# Data supplied
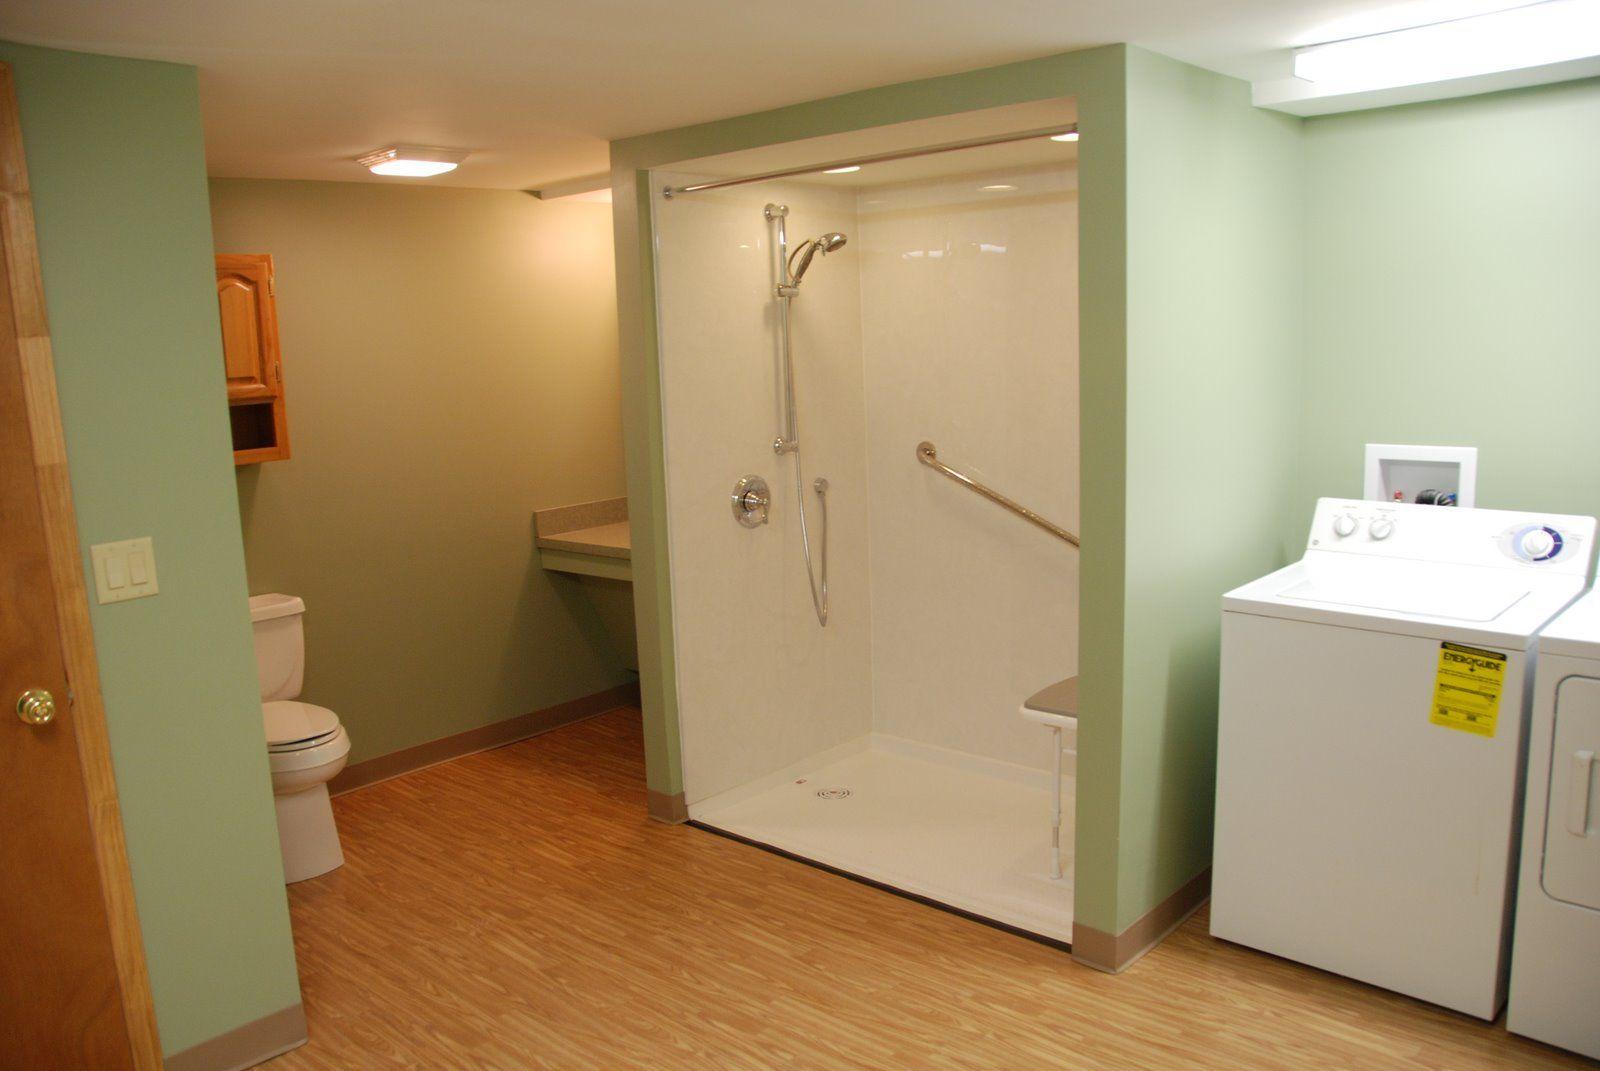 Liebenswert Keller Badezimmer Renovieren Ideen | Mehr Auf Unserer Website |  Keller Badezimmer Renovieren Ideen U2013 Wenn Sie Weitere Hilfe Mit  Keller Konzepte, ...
---
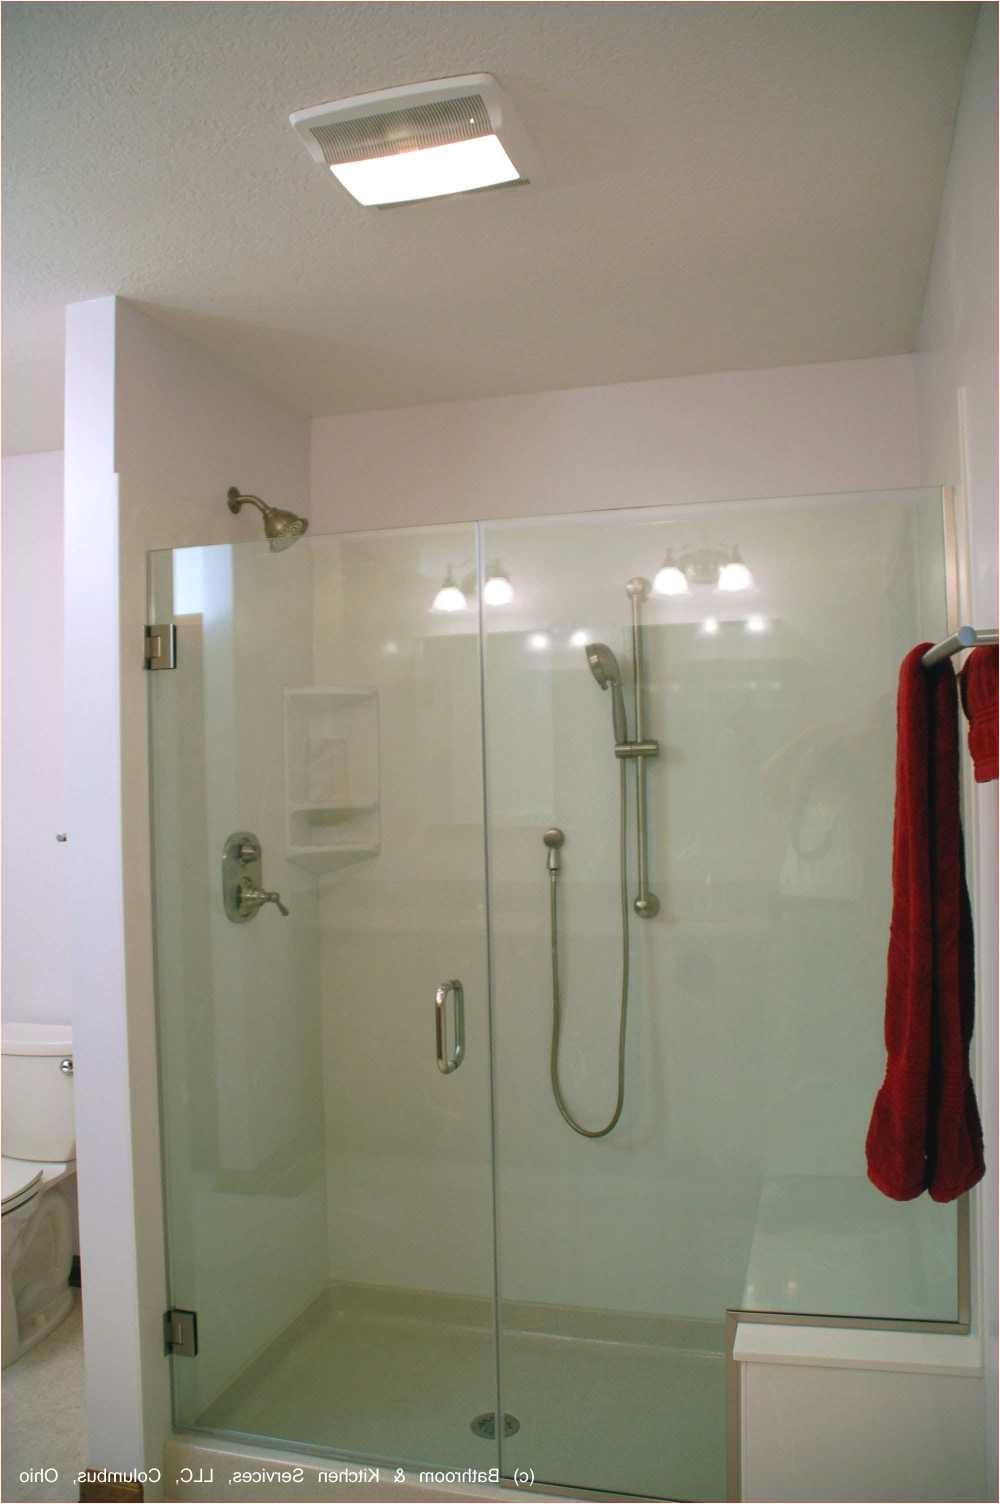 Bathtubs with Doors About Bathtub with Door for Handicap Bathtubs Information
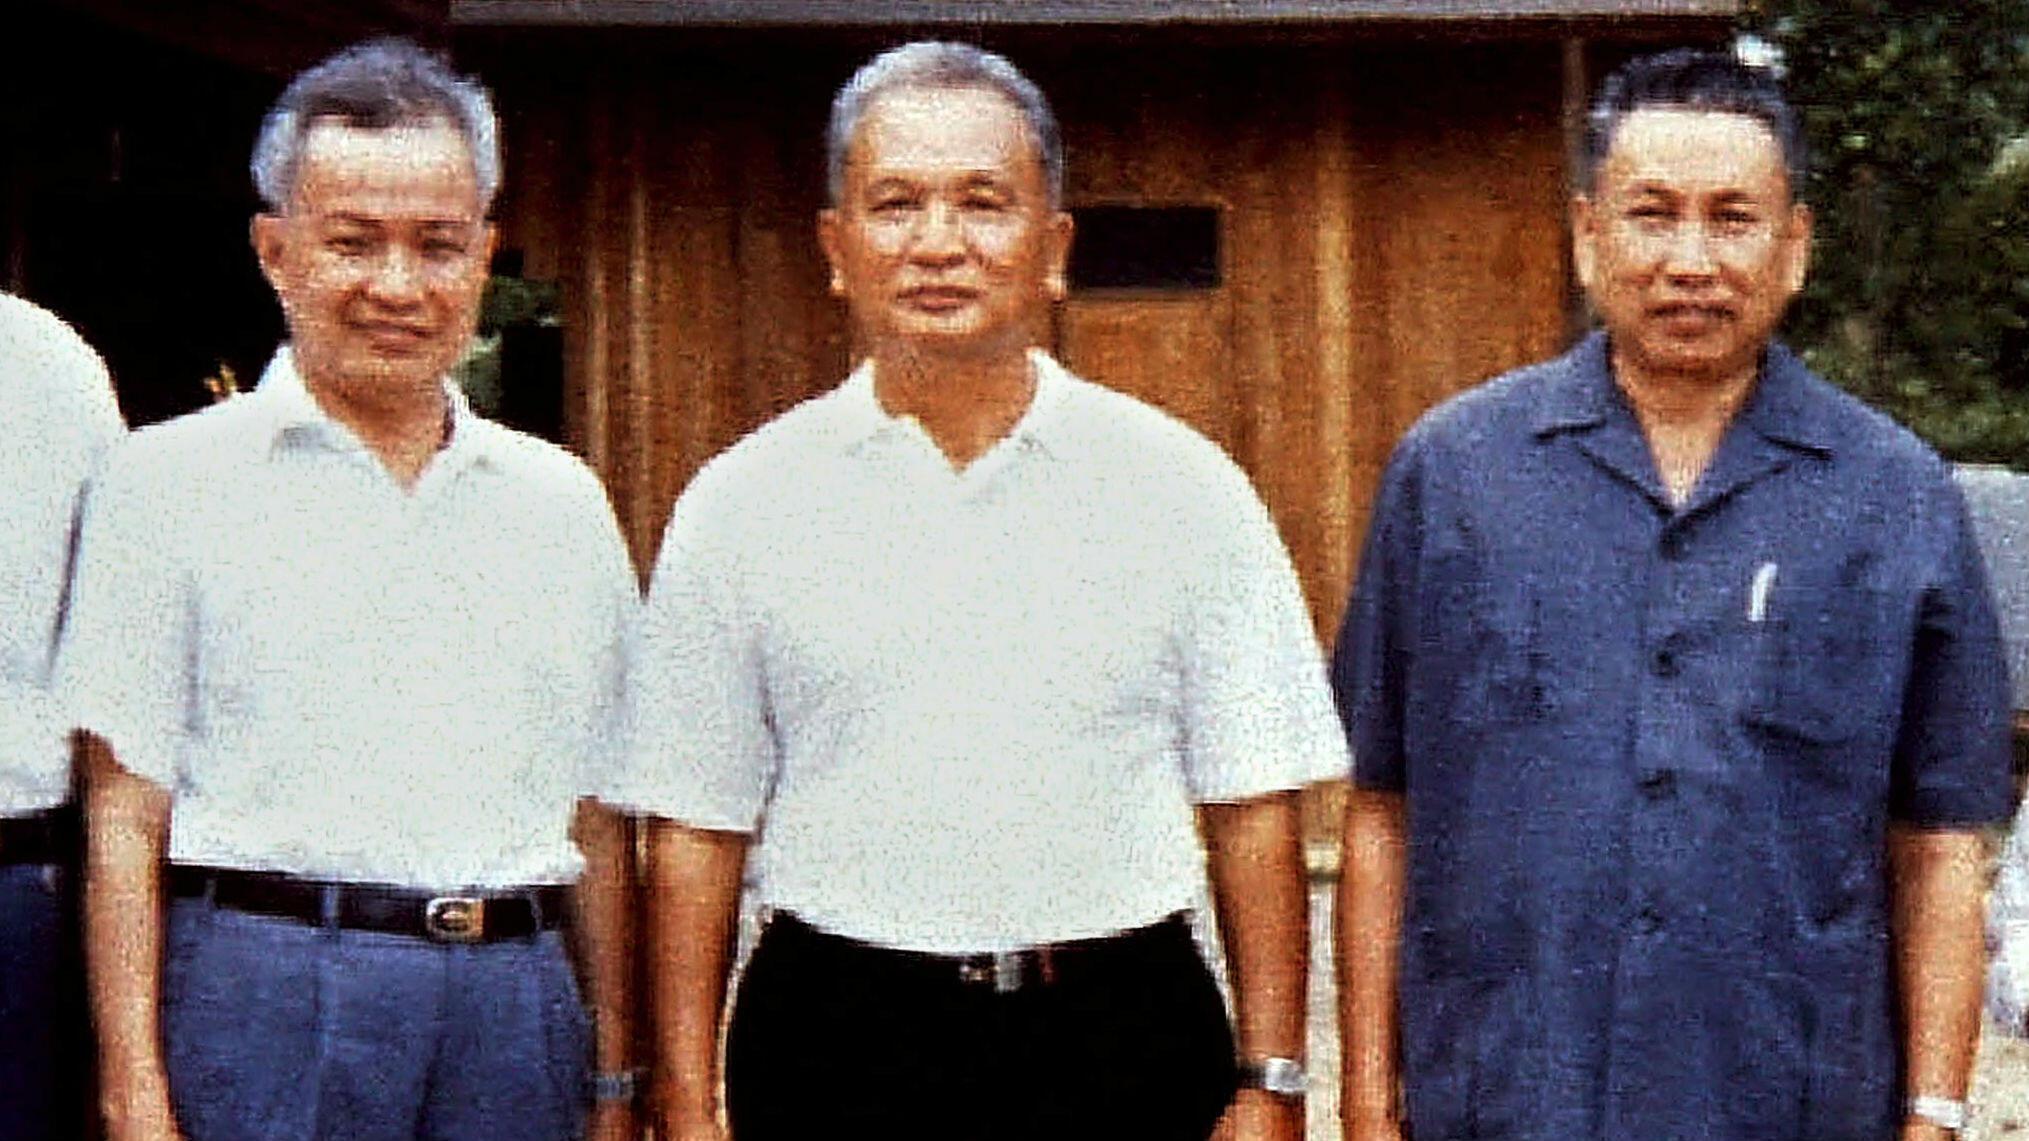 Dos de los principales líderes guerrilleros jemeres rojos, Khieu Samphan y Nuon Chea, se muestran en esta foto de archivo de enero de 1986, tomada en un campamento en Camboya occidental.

# Directions for this task
Using the records above, return word for word the lines that begin at the one containing "Bathtubs with Doors" and end at the one containing "Dos de los principales", both of them included and no pictures.

# Result of the task
 Bathtubs with Doors About Bathtub with Door for Handicap Bathtubs Information
 Dos de los principales líderes guerrilleros jemeres rojos, Khieu Samphan y Nuon Chea, se muestran en esta foto de archivo de enero de 1986, tomada en un campamento en Camboya occidental.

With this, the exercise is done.